■ **TASK TO CARRY OUT**
Omit all images, then repeat exactly the lines below from the one containing "injury proof office infographic" through the one containing "Juicy Couture Noir", both ends included.

─── DATA ───

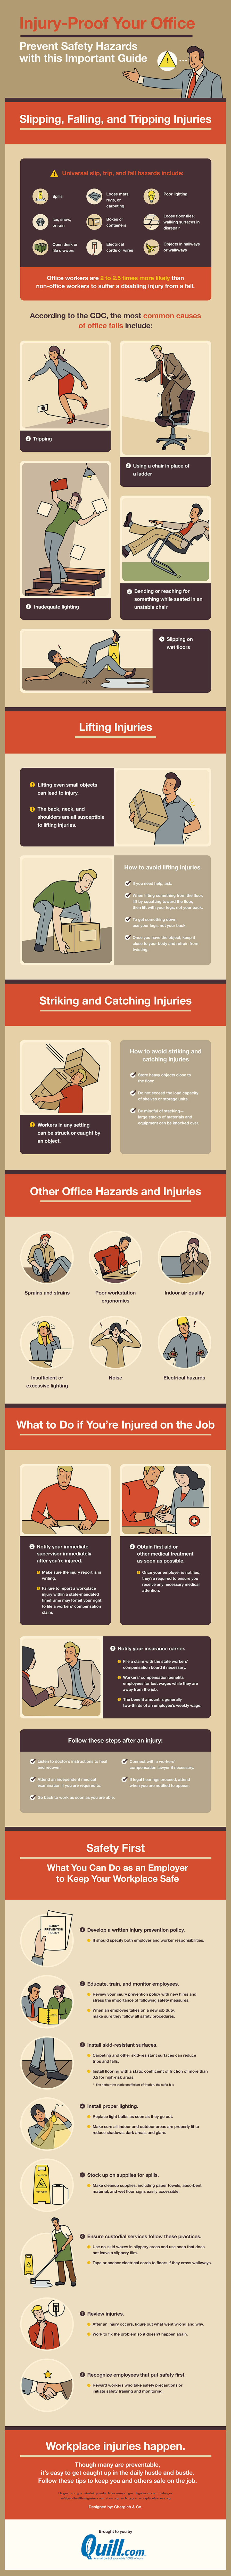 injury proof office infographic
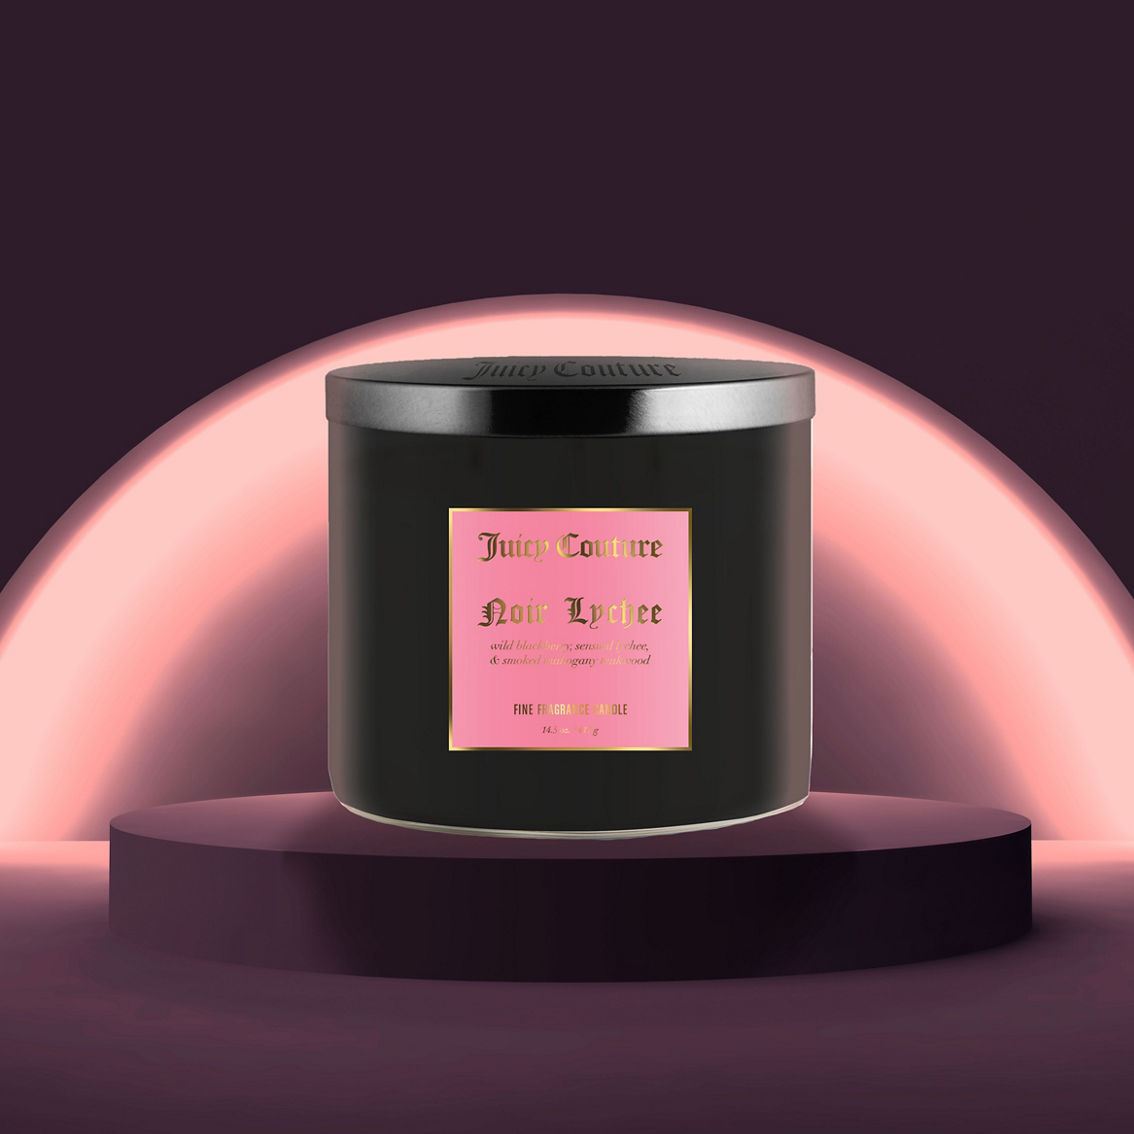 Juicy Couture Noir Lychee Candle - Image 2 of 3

───
─── DATA ───

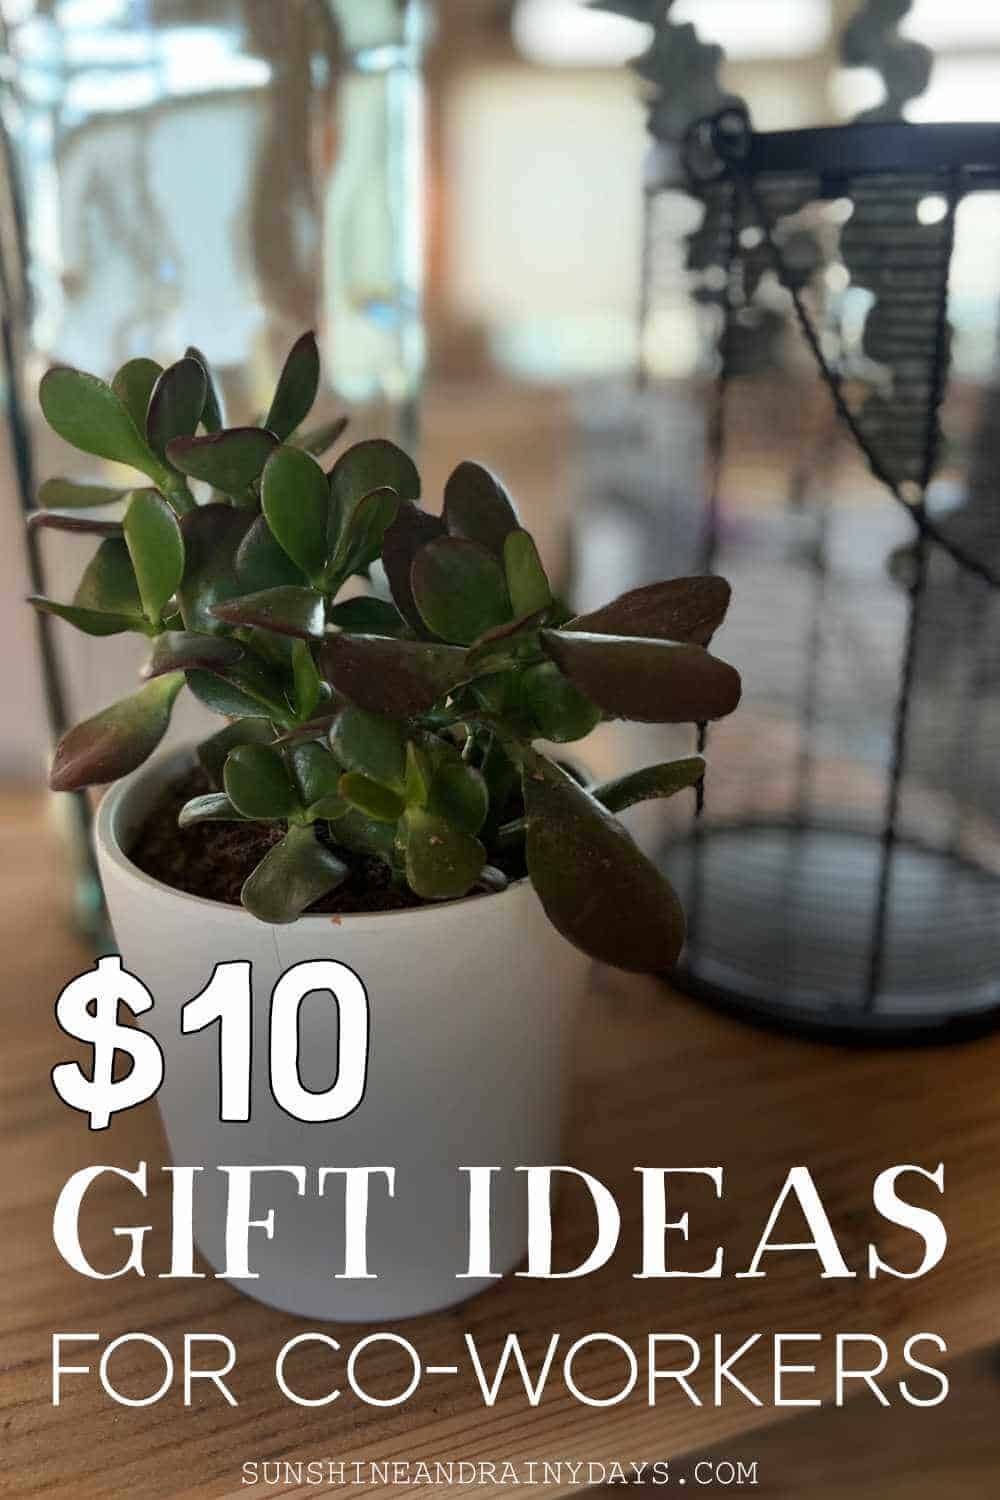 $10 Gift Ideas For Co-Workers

───

■ **ANSWER TO THIS PROBLEM**
 injury proof office infographic
 Juicy Couture Noir Lychee Candle - Image 2 of 3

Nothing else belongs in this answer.